Los autores del trabajo, Frederick I. Moxley, director de Strategic Threat Analysis and Research Laboratories, una consultora estadounidense especializada en análisis de riesgos, y Anthony Ricciardi, profesor de Biología y director de la Facultad Bieler de Medioambiente de la Universidad McGill, consideran que las actuales estrategias de protección planetaria no son suficientes para afrontar los desafíos de la nueva era de exploración espacial.
🗣️ «La humanidad está entrando en una nueva era de exploración espacial, pero nuestras estrategias de protección planetaria no han seguido el ritmo de los riesgos asociados al regreso de muestras extraterrestres a la Tierra», afirma Moxley.
Qué es una instalación de biocontención lunar
La propuesta consiste en construir una instalación permanente de cuarentena y análisis científico en la superficie lunar. Según los investigadores, cualquier material recogido en la Luna, Marte o destinos más lejanos debería enviarse primero a este complejo antes de ser transportado a nuestro planeta.

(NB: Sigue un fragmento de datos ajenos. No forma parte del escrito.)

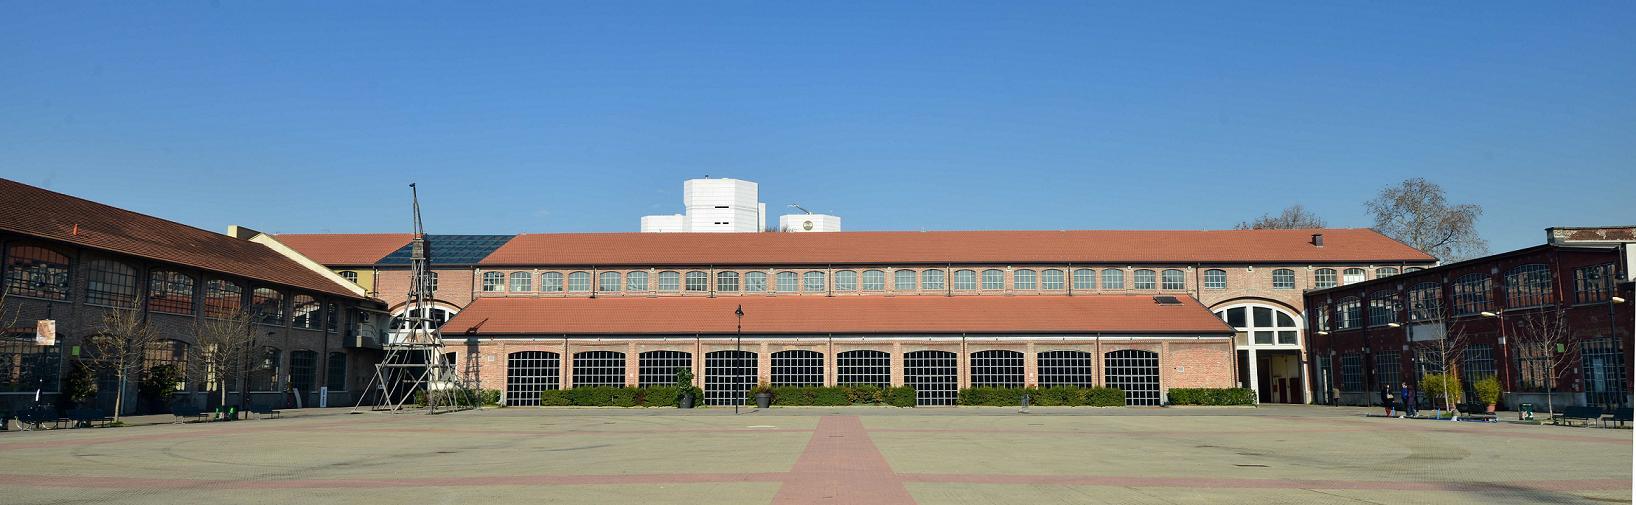 Milano, la Fabbrica del Vapore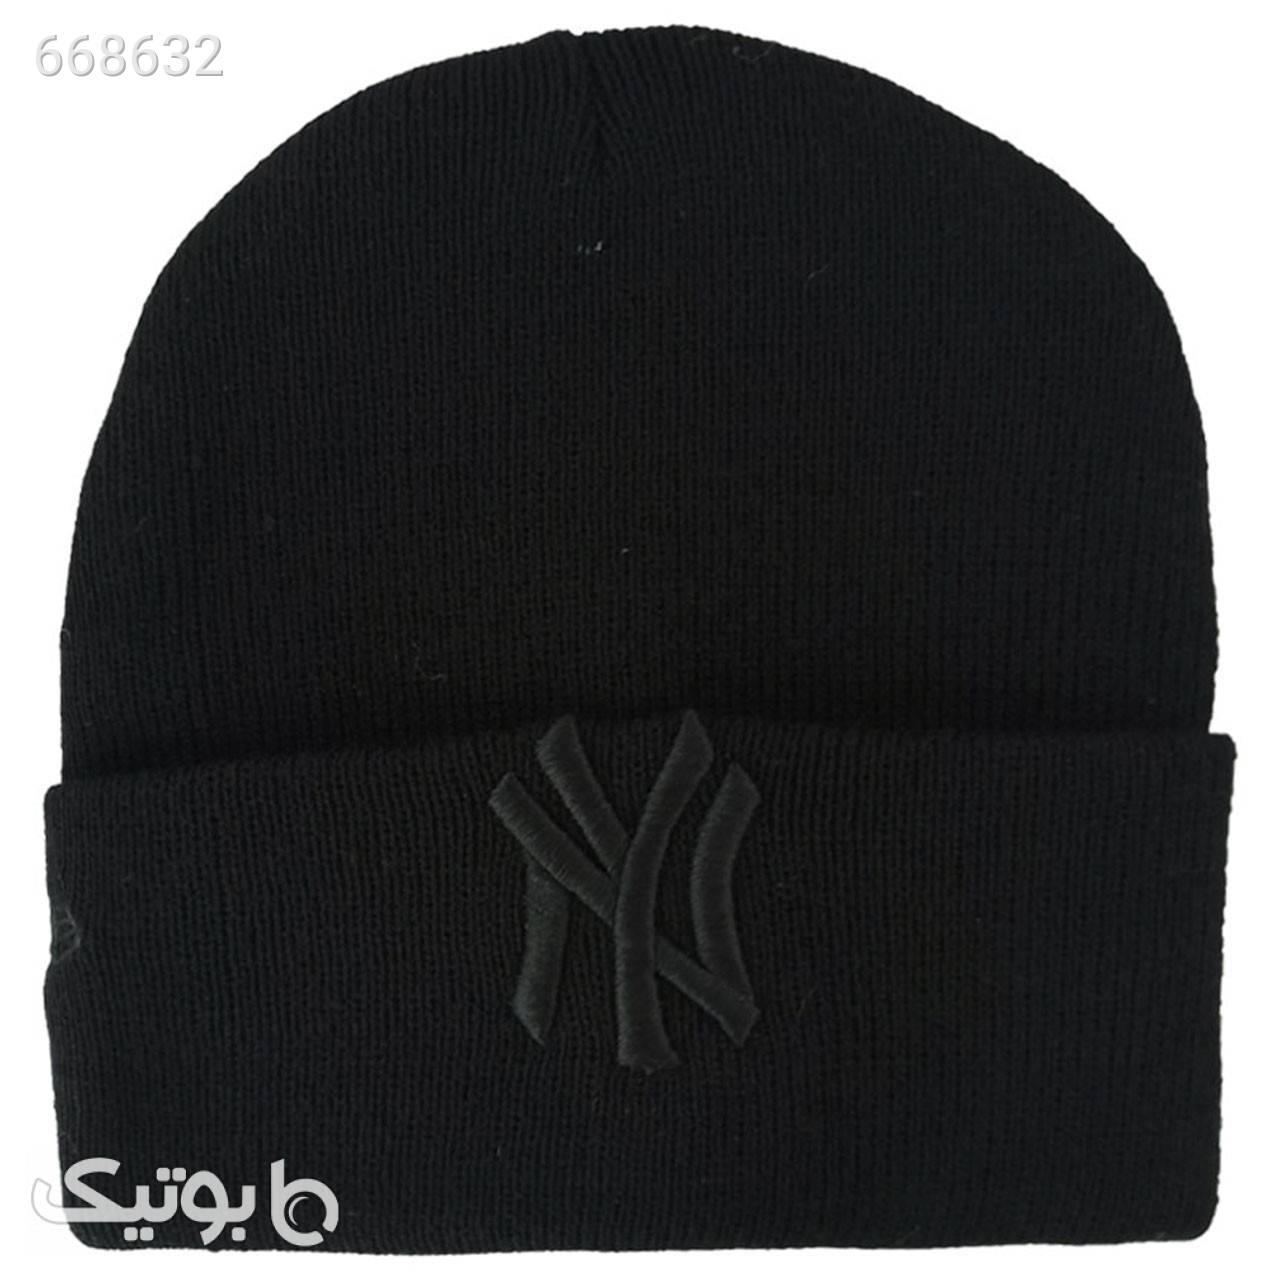 کلاه بافتنی کد M463 مشکی کلاه بافت و شال گردن و دستکش

«La instalación propuesta actuaría esencialmente como un cortafuegos entre la Tierra y cualquier organismo vivo potencialmente peligroso que pudiera acompañar a futuras misiones espaciales», explica Moxley.
En este escenario, las muestras extraterrestres serían manipuladas exclusivamente mediante sistemas robóticos avanzados, lo que evitaría en todo momento el contacto directo con seres humanos. El objetivo sería minimizar el riesgo de exposición accidental y prevenir cualquier posible liberación de organismos desconocidos.
La amenaza de la contaminación extraterrestre
Aunque hasta la fecha no existe ninguna evidencia confirmada de vida extraterrestre, los autores subrayan que precisamente esa incertidumbre obliga a actuar con prudencia. Un microorganismo procedente de otro planeta podría interactuar con la biosfera terrestre de formas completamente impredecibles.
La idea puede sonar a ciencia ficción, pero la preocupación por la contaminación biológica procedente del espacio lleva décadas acompañando a la exploración espacial. Existe incluso una disciplina específica dedicada a este problema: la protección planetaria.
Desde los inicios de la era espacial, los científicos han tratado de evitar tanto que los microorganismos terrestres contaminen otros mundos como que posibles formas de vida extraterrestres lleguen a nuestro planeta. Esta filosofía quedó recogida en el Tratado sobre el Espacio Ultraterrestre de 1967, que obliga a los países firmantes a prevenir la contaminación nociva tanto de la Tierra como de los cuerpos celestes.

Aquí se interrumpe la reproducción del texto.